I was wondering also what inspired the song “Blue Lips.”

I don’t know [laughs]. Ah… I suck at that kind of stuff. I don’t really know a lot of stuff, which sometimes makes people think that I don’t know what I’m doing. I feel like I do. I just don’t know those kinds of things. A lot of times, I just feel like I was inspired and it happened, and I don’t know exactly why. But in the moment, I will feel what’s right and what’s wrong for it, but I don’t really know why [laughs]. It’s like a Ouija board spelling out this!

Well, for instance, was “Blue Lips” about something specific or did it just evolve organically?

It just evolved. It just happens. I just sit down and start playing and singing at the same time, and then it just happens. It’s like that with some songs. They’re just like, “boop!”

How about “The Wallet.” Is that a true story?

There are little parts that are collaged. When I think about it, there are parts where I’ll be like, “I see where that comes from.” I have to search my mind and look for the lineage, like, “Five years ago, I read this or heard that.” But there’s no direct, exact thing, like, “This is what happened in my life, and I’ve put it into song form.” It’s always like little scrappy pieces of imagination scrapped with reality.

I was also wondering about the song “Machine.” Did you intend for it to have such a sinister and ominous tone?

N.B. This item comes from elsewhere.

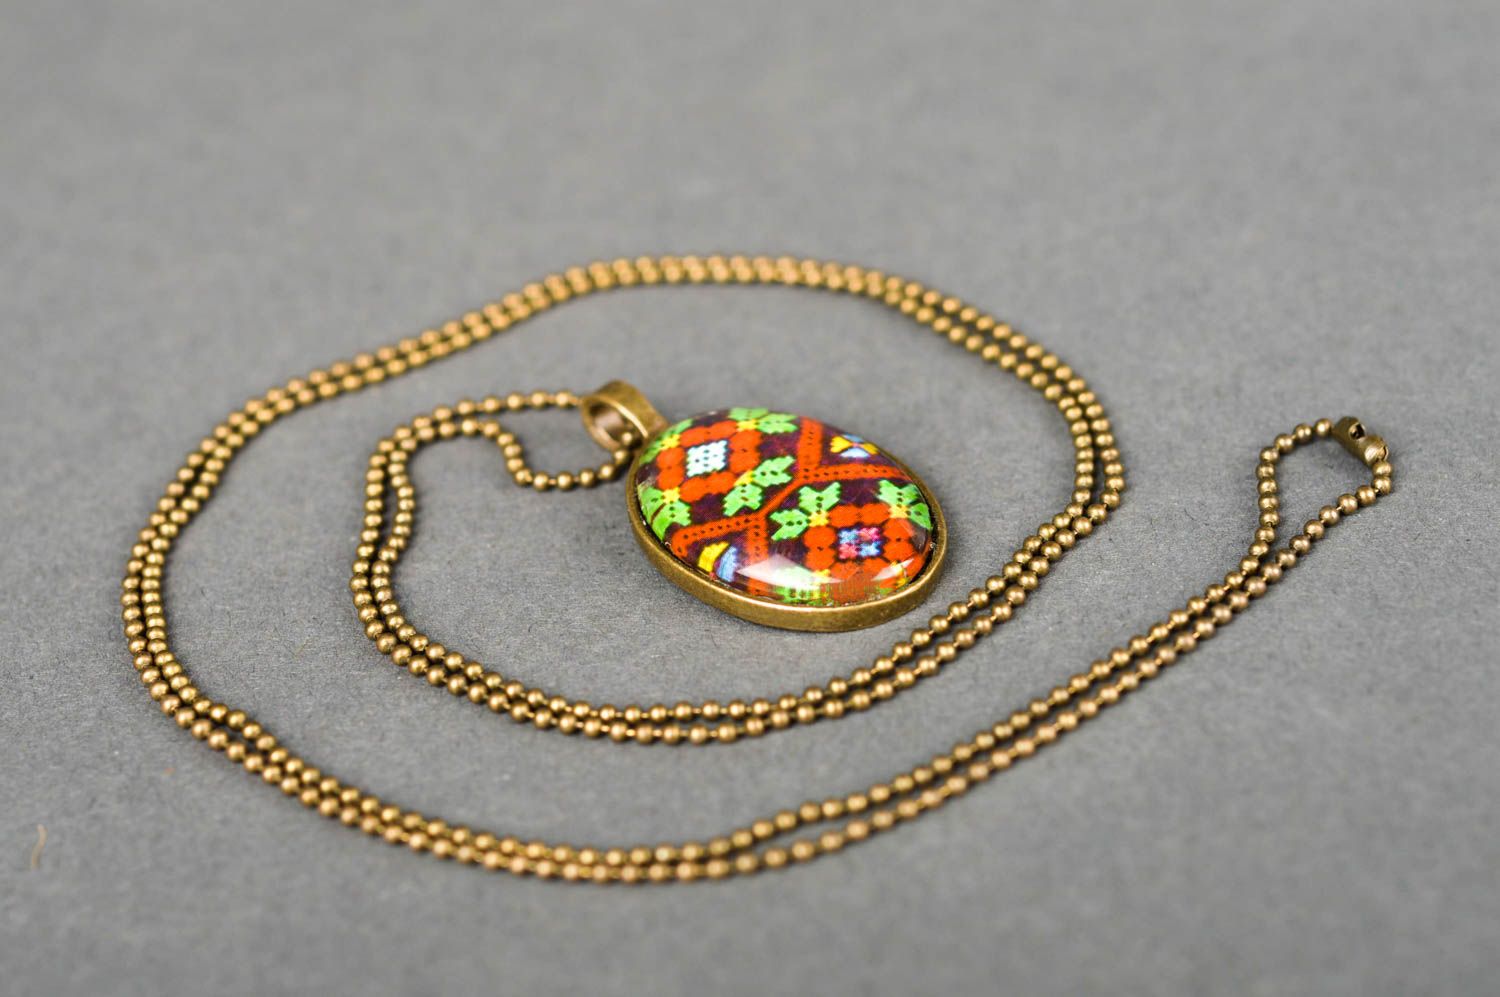 Handmade pendant in ethnic style unusual metal pendant designer jewelry photo 1

Well, the really cool thing about that is that it is one of the new, new songs. I wrote that song, and I heard the sounds as how it is on the record, like, how it is in my brain. Then I went on YouTube, because that’s what you do. You write a song, and you go on YouTube. And on the home page of YouTube, they had this special thing on David Byrne and the installation that he made at the Maritime Building, and it was called “Playing the Building.” And I watched it, and the sounds the building made were exactly the sounds that I had imagined. So I emailed David Byrne, and the heroically amazing person that he is, he emailed me back the next day, and he was like, “Yeah, you’re welcome to go in there and record.” He and his assistant opened it up for me to play around in, and then opened it up again for us to go in and record in there. Then, before I recorded the building on it, I played the song for Mike, because we were just starting to work together and I had just written it. And I told him about the building, but he didn’t have a chance to go there and listen to it. But I told him and Matt Chamberlain about it, and when Matt played drums on it, Mike brought this crazy sound pedal thing that made it sound like it was related to the building. Then, when I recorded the building, I was listening to that already, so it was really crazy. Now it’s a song, and it’s exactly how I imagined it. Well, I guess it’s more abstract than how I imagined it, but I couldn’t have imagined it more perfectly than how the sounds are. It makes me so happy.

I was also wondering what suggested using “Laughing With” as the first single, since it has so many references to God. It seems like a brave choice.

Well, I don’t know. I always think about that stuff. I think I’ve always thought a lot about the state versus religion versus spirituality versus fear mongering. It’s not like I have a very strong thesis about it. It’s just something that I’m always mulling over in my head. I think that it just felt like something that I wanted to share as the first thought off of the record. For me, it’s not brave, because I’m psyched about all of the songs, but I’m really proud of my record label, because I think it might not have been the most obvious thing. It seems cool that they allowed me to put that thought forward as the first thing from the record. I’m really excited about it. Plus, I made a really trippy video for it.